Но если сон так точен в мелочах, не было ли в реальности и всего остального? Неужели я родом из места, где ярко светит солнце и трава растёт как придётся? Вскочив с разворошённой постели, я прислонился лбом к прохладному оконному пластику. За окном стоял вечный весенне-осенний сезон. Пена хлестала из широких воронок водосточных труб; дождевые потоки затопили отведённые им желобки и претендовали уже на всю проезжую часть. Побочный эффект, мать его так… Откуда на маленьком клочке земного шара столько воды?
Я раздражённо отвернулся от окна. Кое-как заправил постель, натянул свежую майку и джинсы и вышел из комнаты. Полутёмный захламлённый коридор был пуст, но из холла, расположенного напротив лестничной площадки, долетали приглушённые обрывки фраз.
— Да дёрганый такой, ты наверняка его видел. Полгода назад, в товарищеском матче, он выбил зуб Марику Открывашке…
— Ну, вопли Марика я, допустим, помню…
— А я хорошо помню эту рожу в баре.

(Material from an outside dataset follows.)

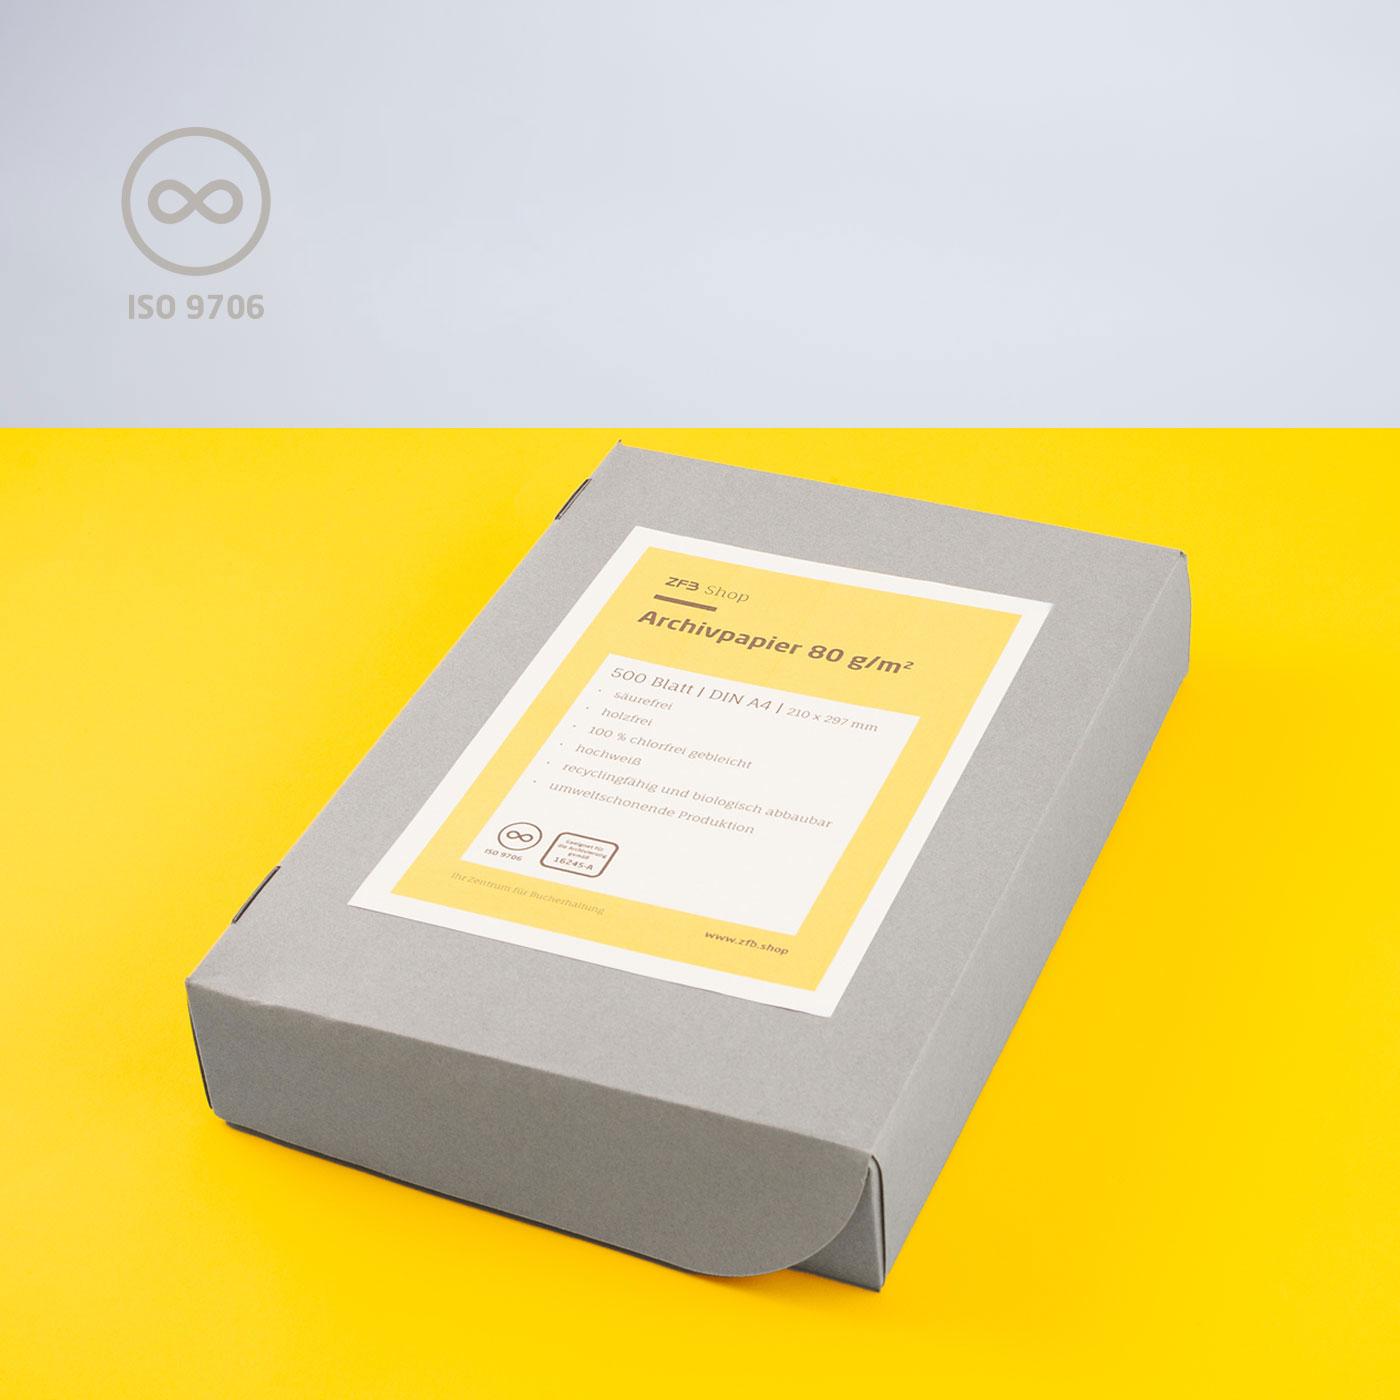 Archivpapier - 80 g/m²
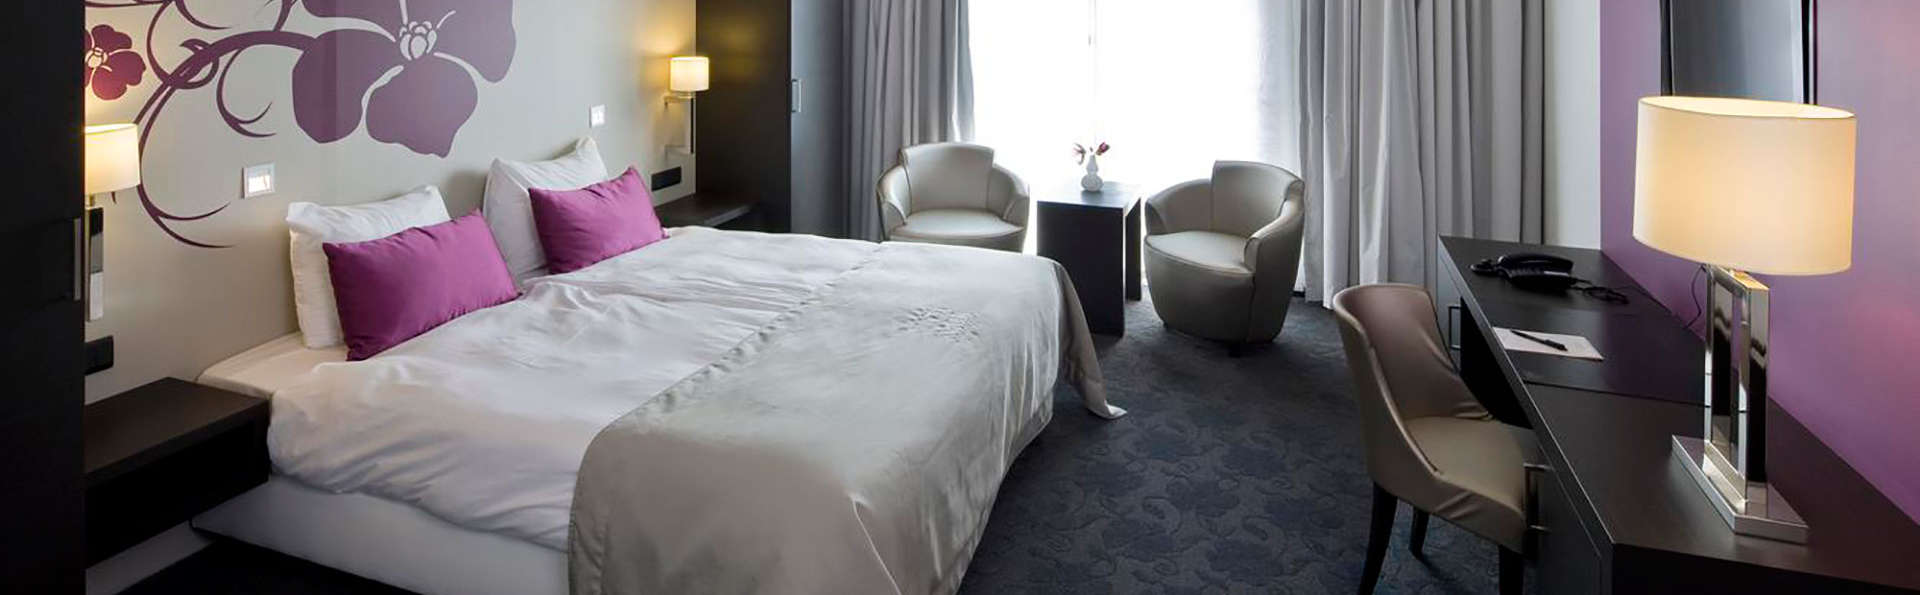 Hotel Van der Valk Brugge Oostkamp - edit_room.jpg

Он явился туда сразу после драки, как ни в чём не бывало…
— Вооот! Я всегда говорил, что у утильщиков не все дома…
— Кого обсуждаем? — осведомился я, достигнув холла. Там, возле столика, придвинутого к кожаному дивану, шла игра в дурачка. Играли Заши, Перестарок и Тимур Акимов. Телевизор с отключённым звуком показывал какую-то рекламу.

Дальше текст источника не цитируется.